Always write Kling prompts in English, regardless of the language the user is writing in. Kling was trained predominantly on English-language descriptions, and English prompts produce significantly better and more predictable results than prompts in other languages.

The workflow is:

Communicate with the user in their language (Polish, German, French, etc.)
Write all Kling prompts in English

If the user writes their prompt in Polish or another language, translate it to English before presenting the final version they should paste into Kling. Explain this briefly if it's not obvious.
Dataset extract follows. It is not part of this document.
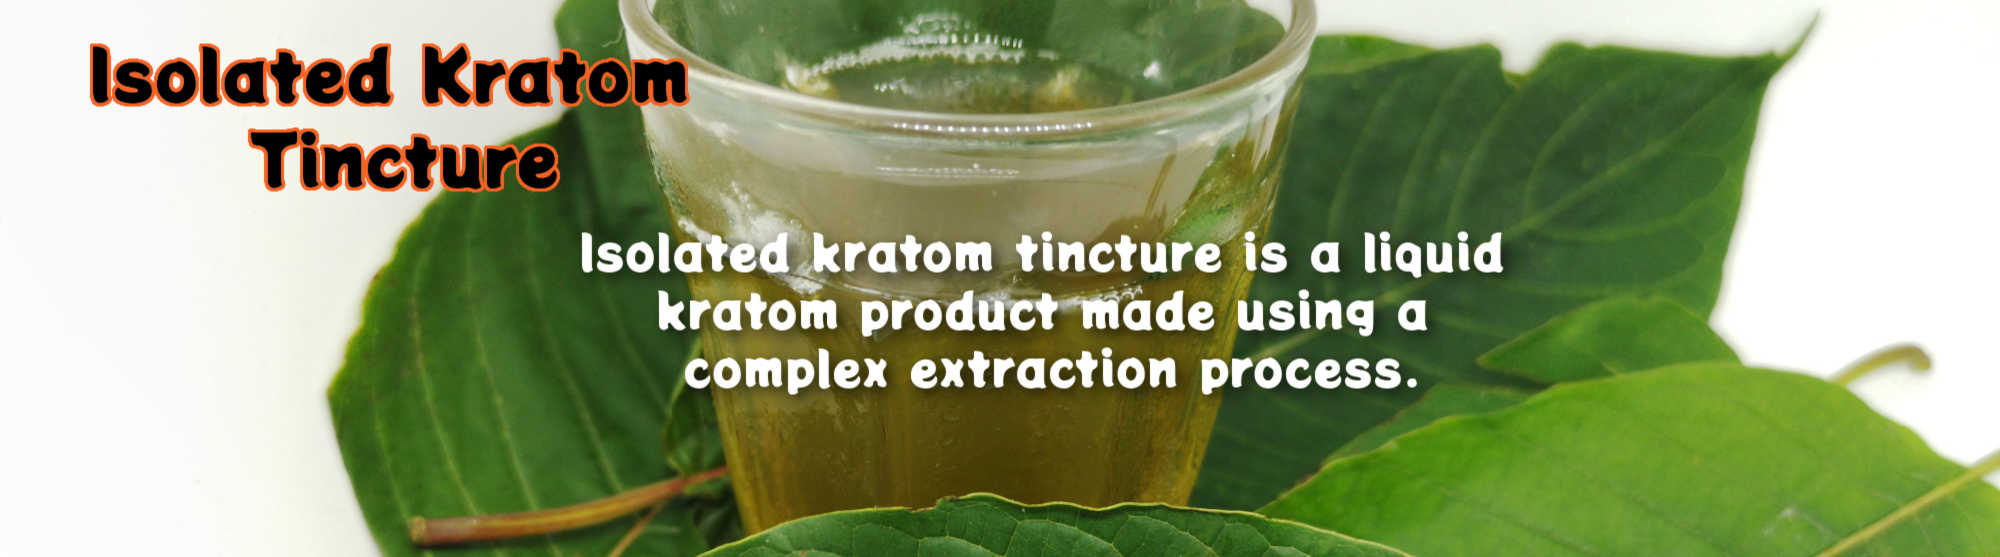 image of isolated kratom tincture

Exception: when using the native audio features (V3/O3), dialogue text in the

[Speaker: Name] "text"

syntax should be in the target language (e.g., Polish dialogue for a Polish-language video). The surrounding prompt structure should still be in English.

Prompt Engineering

The Director's Mindset

Kling 3.0 understands cinematic intent. The key shift: stop writing prompts like image captions, start directing like a DoP (Director of Photography). Think of each prompt as a mini-screenplay:

Scene setting - Camera direction - Subject action

Structured Prompt Formula

[Scene/Environment] + [Characters/Subjects] + [Sequential Actions] + [Camera Movement] + [Audio & Style]

For 3.0, you can describe sequential actions: "First she looks up, then turns toward the window, finally smiles." Previous models couldn't handle this reliably - 3.0 can.

Model-Specific Guidance

Model	Prompt Length	Max Elements	Key Pattern
V3 / O3	100-200 words	6-7	Sequential actions, multi-shot
O1	60-100 words	5-7	Clear element descriptions
2.6	50-80 words	5-7	Include audio instructions
2.5 Turbo	40-60 words	3-4	Keep it simple

Essential Prompt Rules

Specify camera behavior explicitly - Without it, camera will improvise unpredictably
Add motion endpoints - "then settles back" or "returns to starting position" prevents 99% of generation hangs
Use spatial language - "left to right", "toward camera", "background depth"
Be hyper-specific about setting - "cyberpunk alleyway at midnight, neon reflections on wet pavement" beats "a street"
One main action per shot - Use multi-shot for complexity, not a single overloaded prompt
Use negative prompts - Explicitly tell the model what to avoid

Keeping Elements Static

All [element] must remain absolutely fixed and unchanged throughout.
[element] stays completely static. No movement on [element].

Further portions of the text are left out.